## EXERCISE DIRECTIONS
Restate the full listing word for word; images stay out of it.

======== DATASET SECTION ========

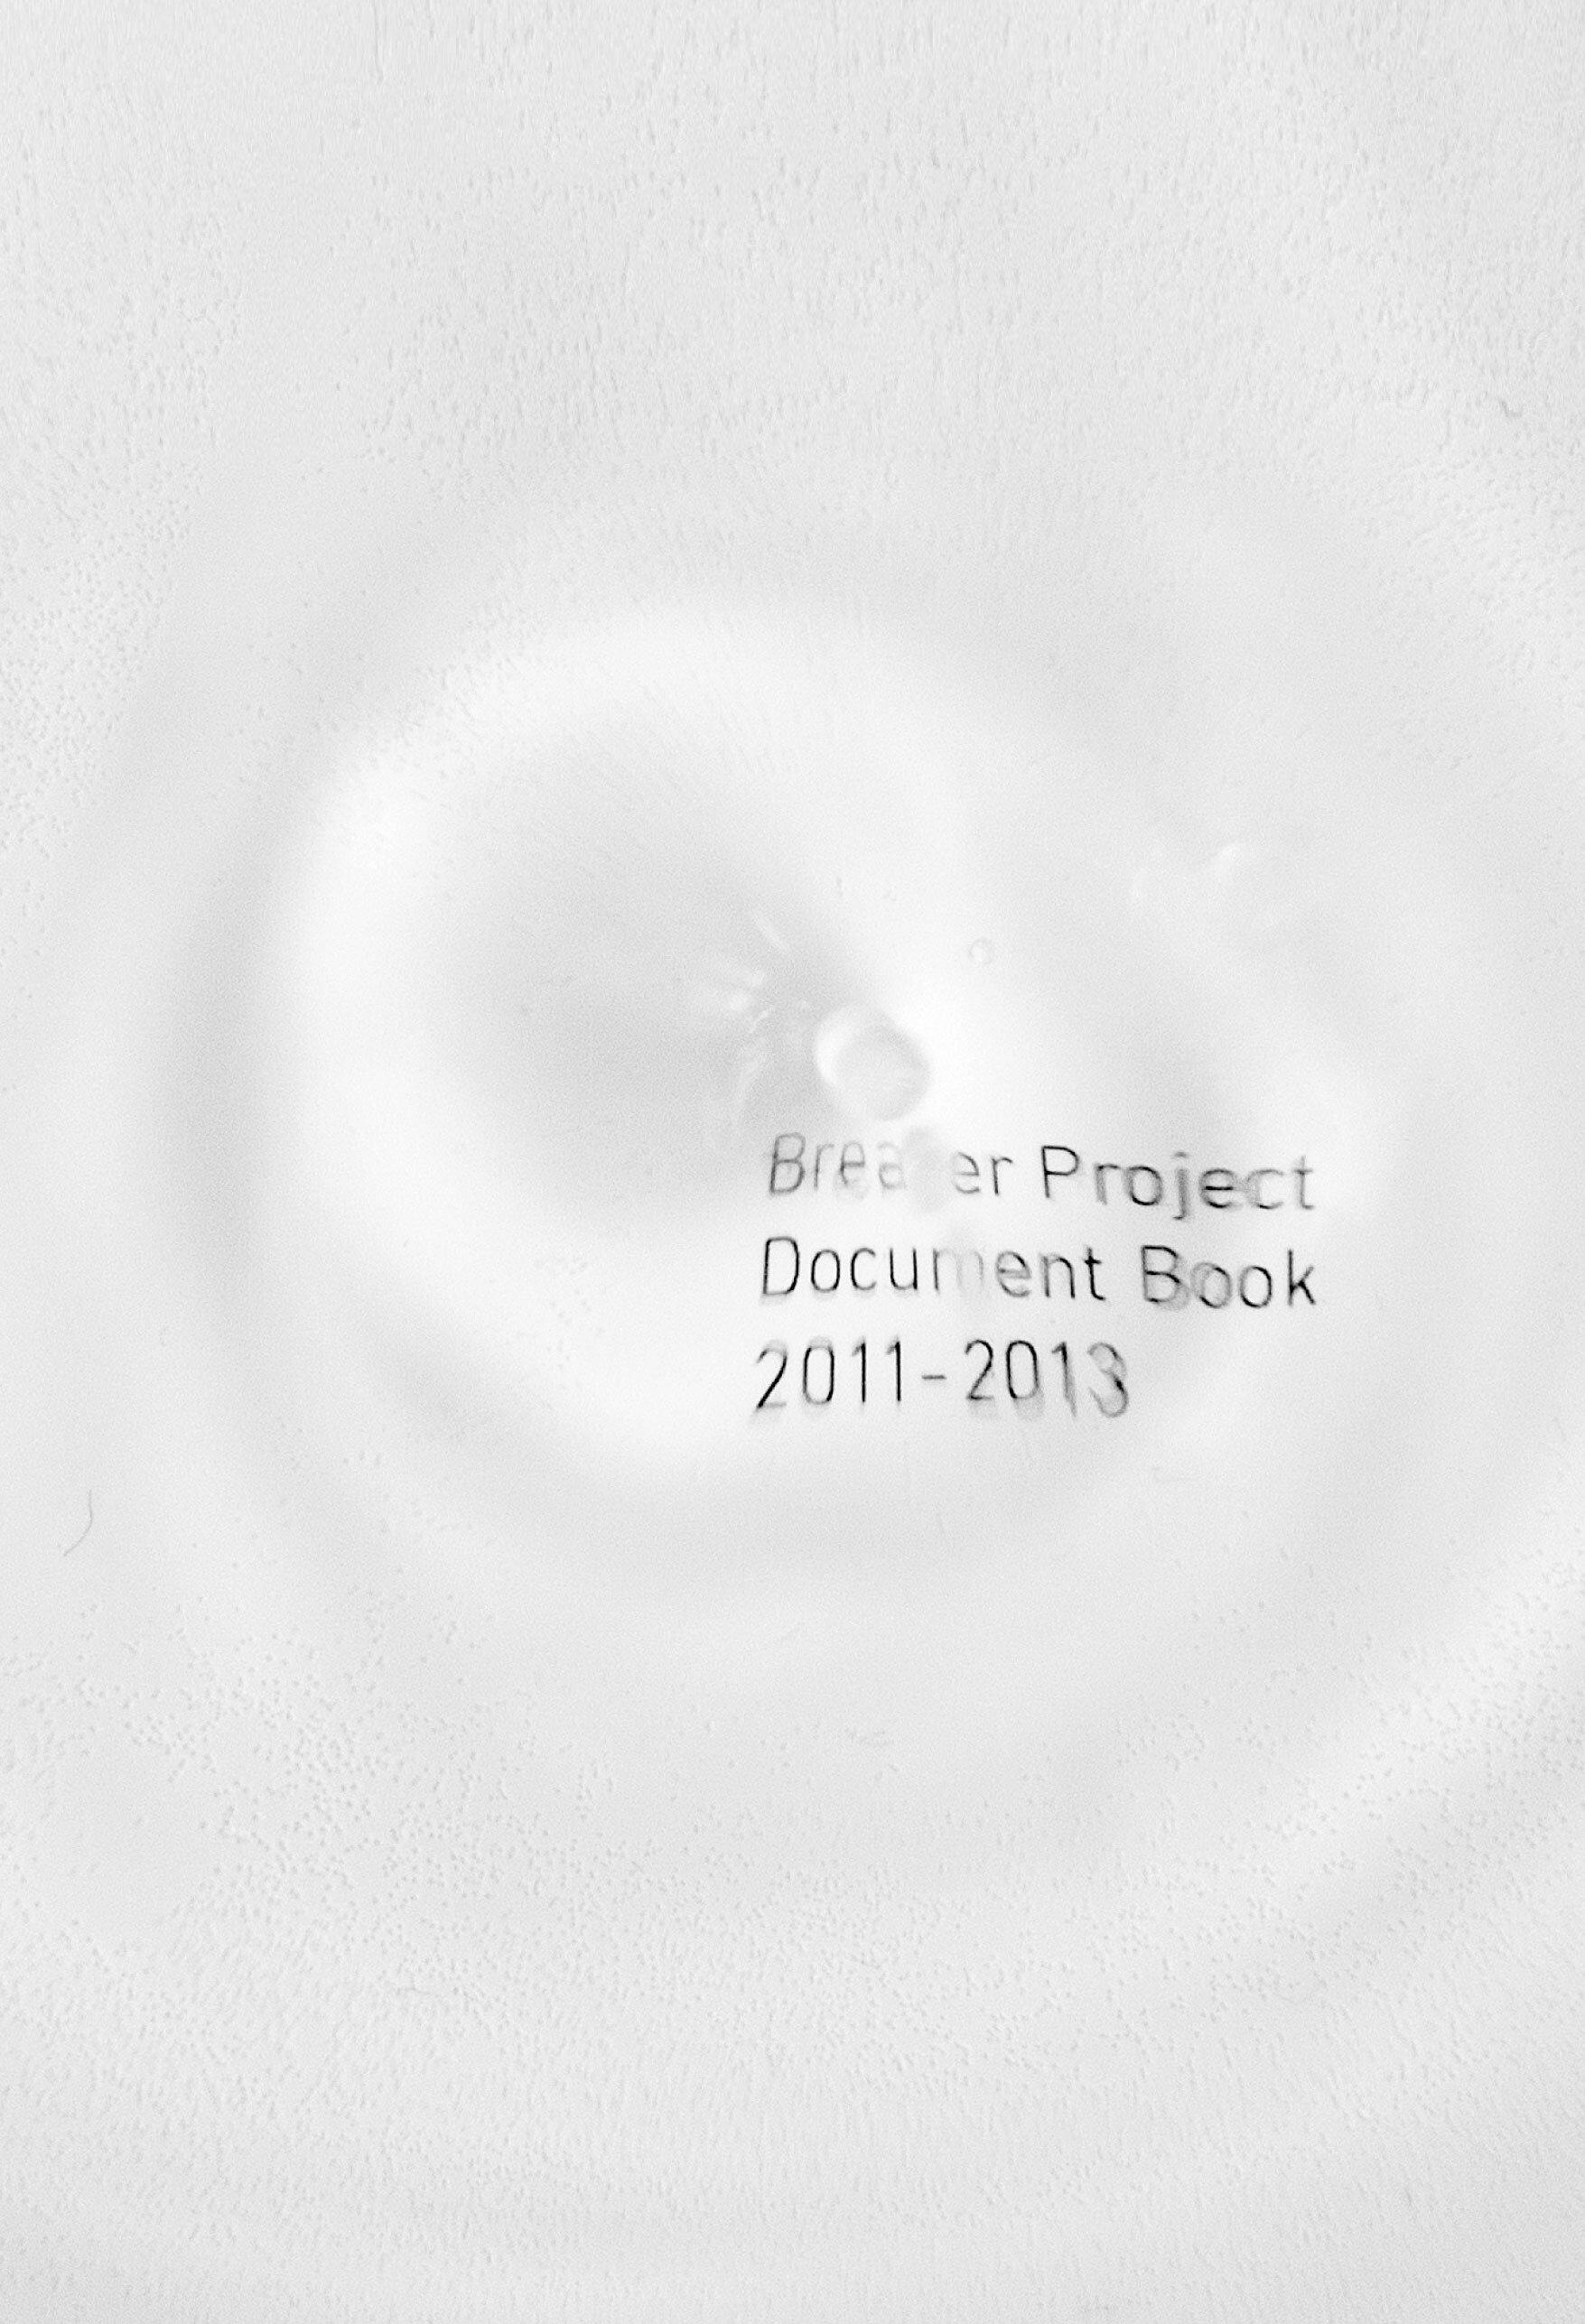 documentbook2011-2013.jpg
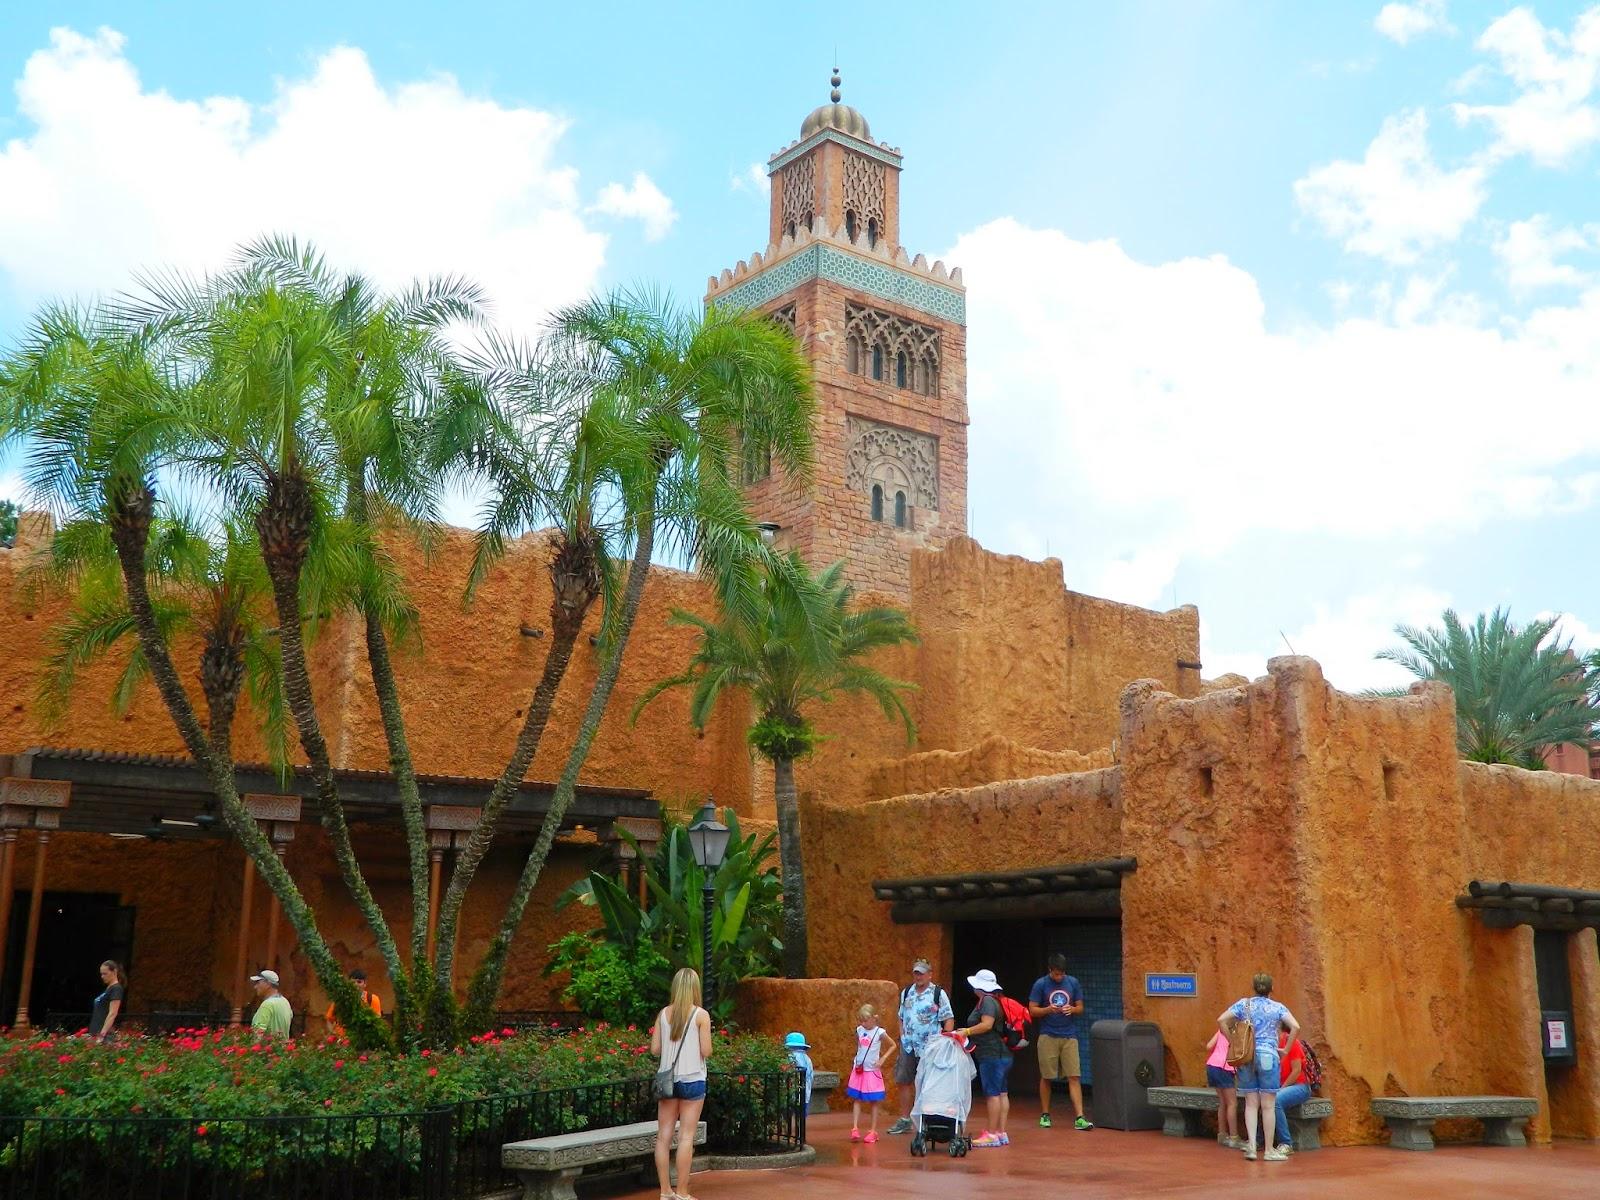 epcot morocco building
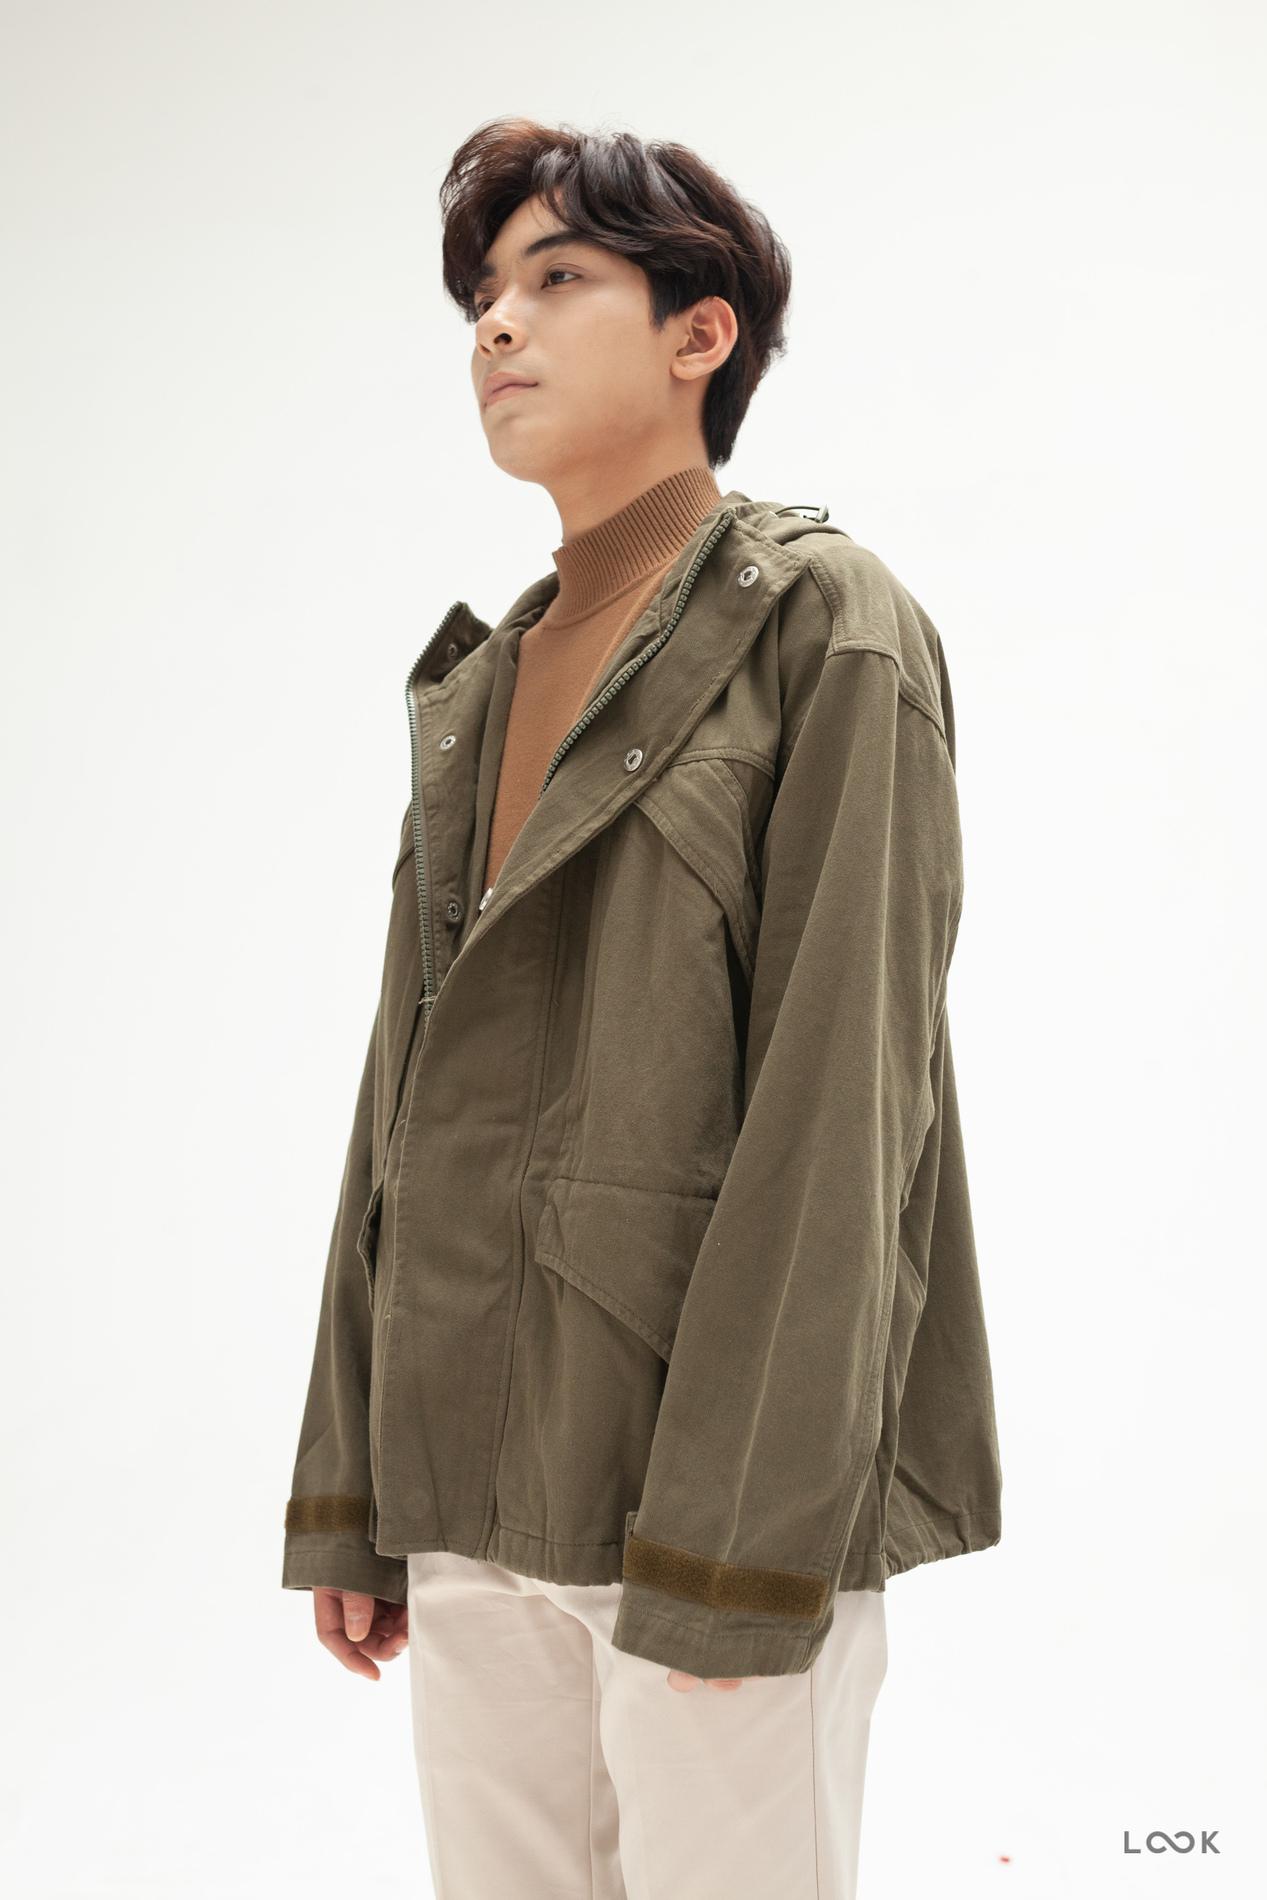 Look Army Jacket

========

## WORKED SOLUTION
 documentbook2011-2013.jpg
 epcot morocco building
 Look Army Jacket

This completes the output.